Denison Cabral

Personal information
- Date of birth: January 26, 1974 (age 52)
- Place of birth: Florianópolis, Brazil
- Height: 5 ft 6 in (1.68 m)
- Positions: Forward; midfielder;

Senior career*
- Years: Team / Apps / (Gls)
- Sadia
- Palmeiras
- 1994–1997: Washington Warthogs (indoor) / 100 / (109)
- 1996–1998: Baltimore Bays (indoor)
- 1998–2010: Baltimore Blast (indoor) / 356 / (445)
- 2017–2018: Harrisburg Heat (indoor) / 7 / (2)

International career
- 2007–2008: US Futsal

Managerial career
- 2016–2018: Harrisburg Heat

= Denison Cabral =

Brazilian-American soccer player (born 1974)

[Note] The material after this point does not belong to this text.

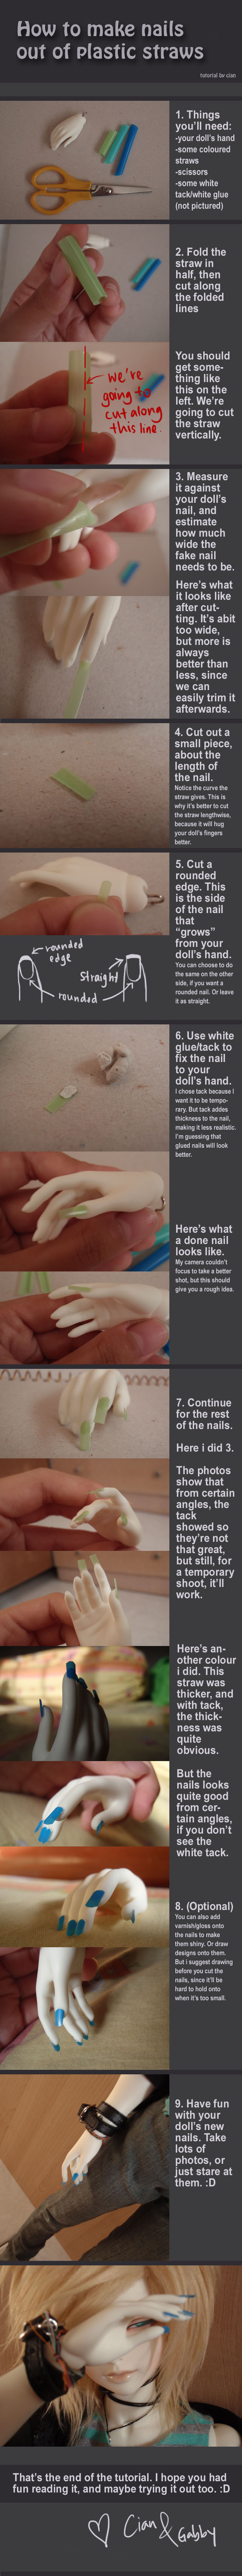 Plastic nails for bjd tutorial
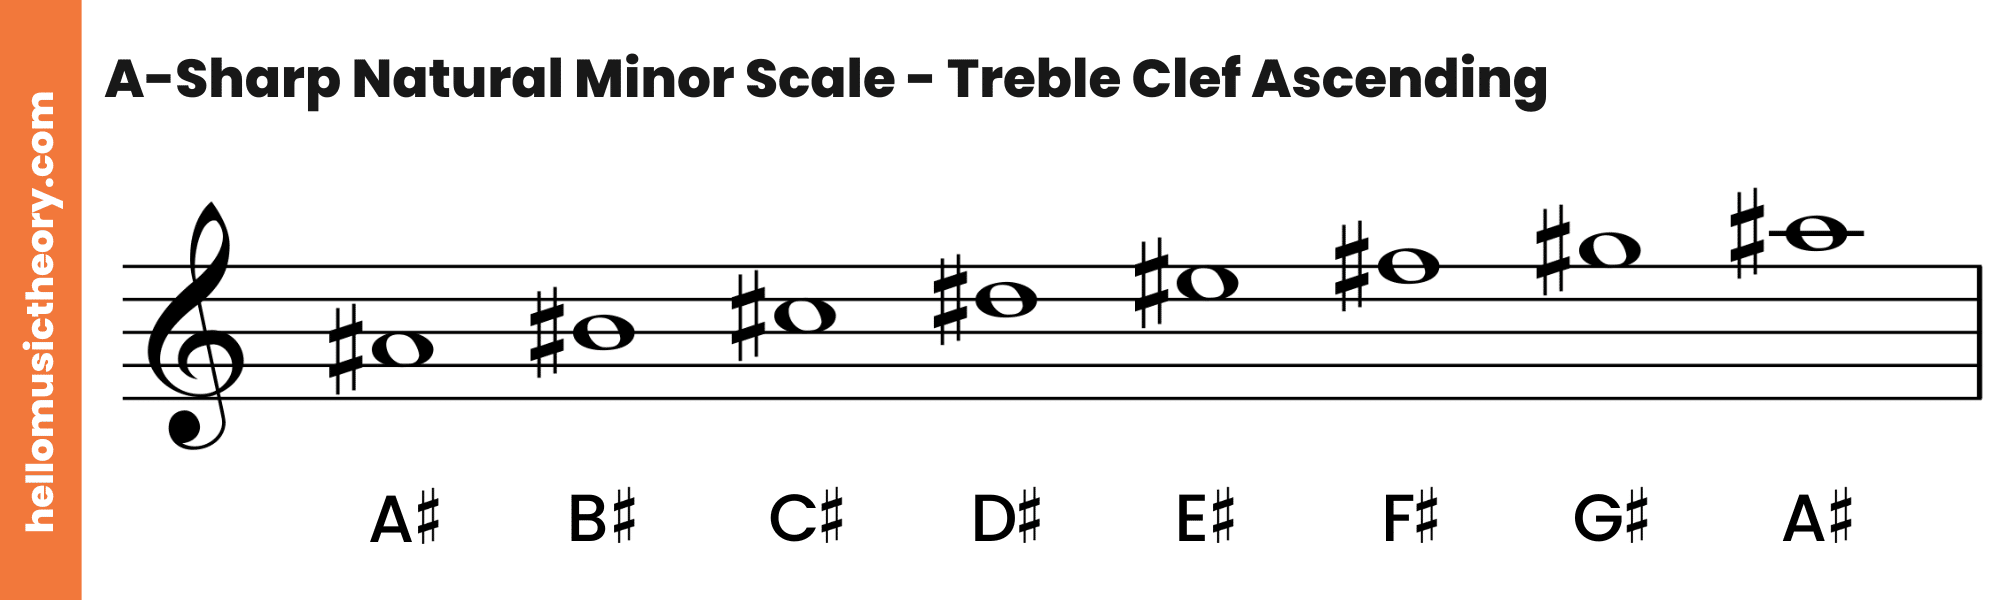 A-Sharp-Natural-Minor-Scale-Treble-Clef-Ascending

Denison Cabral is a retired Brazilian-American soccer forward /midfielder who played professionally in the Continental Indoor Soccer League, National Professional Soccer League and USISL. He played three games for the United States national futsal team at the 2008 FIFA Futsal World Cup, scoring one goal for the American team. In 2007 the Brazilian-American participated in his first official FIFA event as a member of the US Futsal Men's team in the 2007 Pan American games in Rio de Janeiro, Brasil. Denison served as the captain of the United States national futsal Team in the world cup qualifying tournament CONCACAF in Guatemala 2008.

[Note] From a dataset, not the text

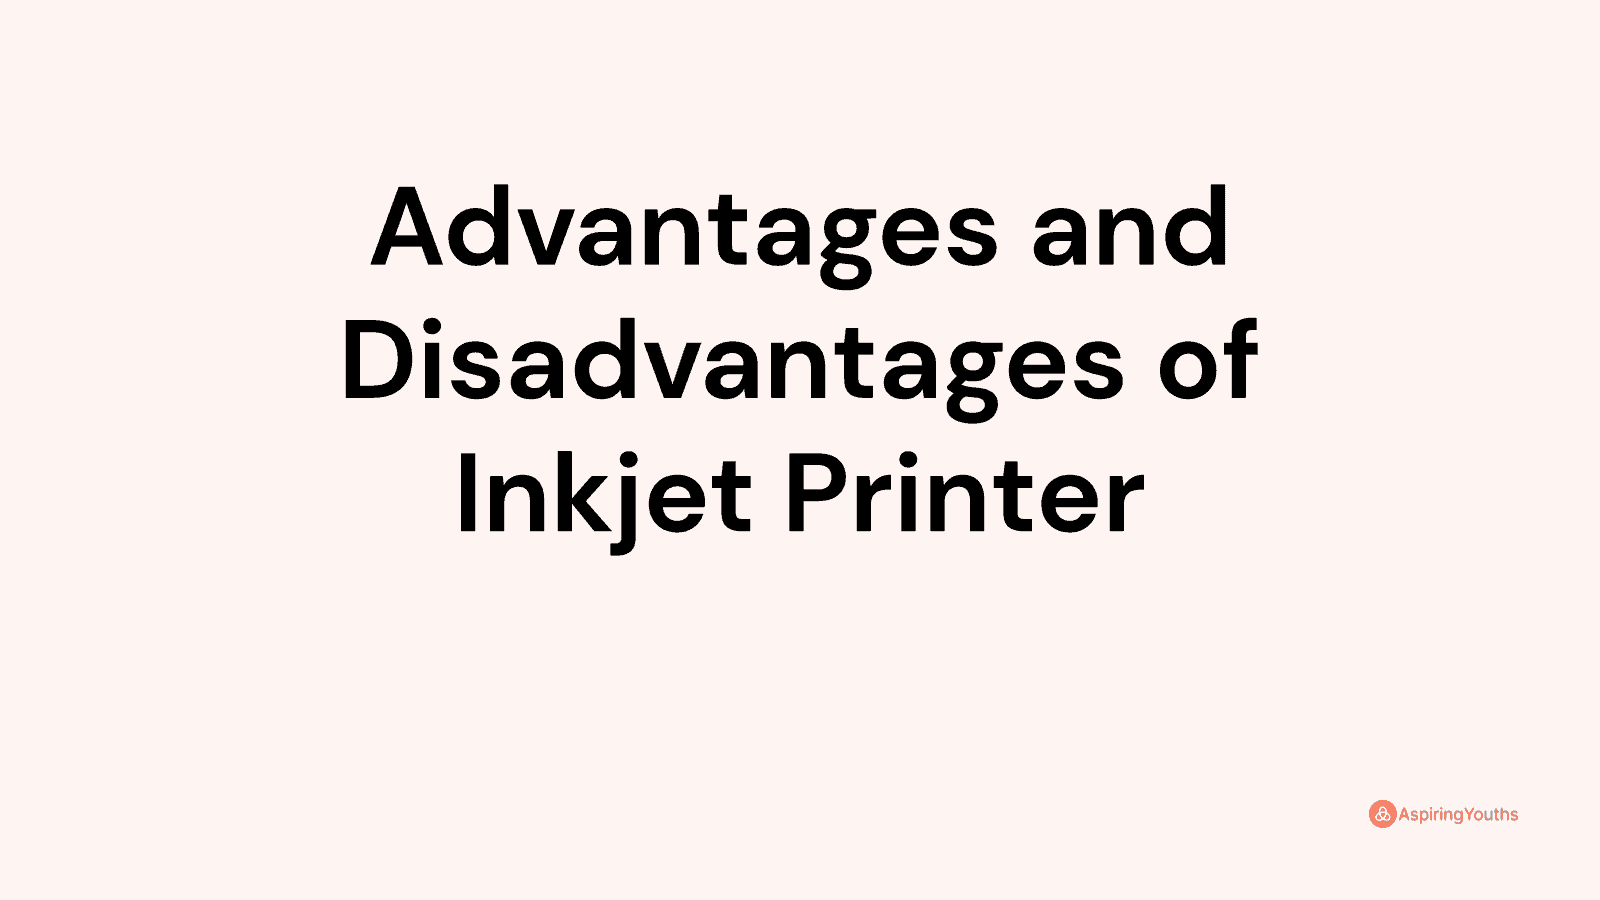 Advantages and disadvantages of Inkjet Printer

Cabral began his career with Sadia F.A. and Palmeiras. In 1994, he moved to the United States to train and perhaps play with a local outdoor team. While in Florida, he saw an indoor game on television. He decided to attend a trial with the Washington Warthogs of the Continental Indoor Soccer League and gained a contract. Cabral went on to play four seasons with the Warthogs. In the fall of 1995, Cabral attended an open tryout with the Baltimore Bays of the USISL. He impressed the Bay's coach, Kevin Healey, enough to gain a contract. Since the Warthogs played a summer indoor season and the Bays played from November through February, this allowed Cabral to move between the two teams without conflict. In his first season with the Bays, Cabral won the USISL indoor championship, scoring five goals in the final and gaining both regular season and playoff MVP awards. Cabral began the 1997–98 USISL I-League season with the Bays. In January 1998, the Bays released Cabral to allow him to sign with the Baltimore Spirit of the National Professional Soccer League as the Spirit released Jason Dieter in order to allow him to sign with the Bays. That summer the Spirit were renamed the Baltimore Blast. Cabral remained with the Blast until September 2010, when the Blast released Cabral after the team could not come to a contract agreement with him. In November 2004, he injured his right knee, losing most of the season. Then in February 2006, he injured his left knee, again losing most of the season. During his years with Baltimore, Cabral won five championships (2003, 2004, 2006, 2008, 2009), was a six-time All Star, and was MVP of the 2003 championship series.

Cabral was named the head coach of the Harrisburg Heat prior to the 2016-2017 MASL Season. Cabral lead the Heat to a 10–10 record, and their first playoff appearance in the MASL, being named Coach of the Year in the process.

In 2023, the Baltimore Blast retired jersey #5 to honor Cabral and Mike Stankovic.

==International==
In May 2007, Cabral became an American citizen. He immediately began to play for the United States national futsal team, participating in the 2007 Pan American games in Rio, 2008 COMCACAF in Guatemala, and at the 2008 FIFA Futsal World Cup.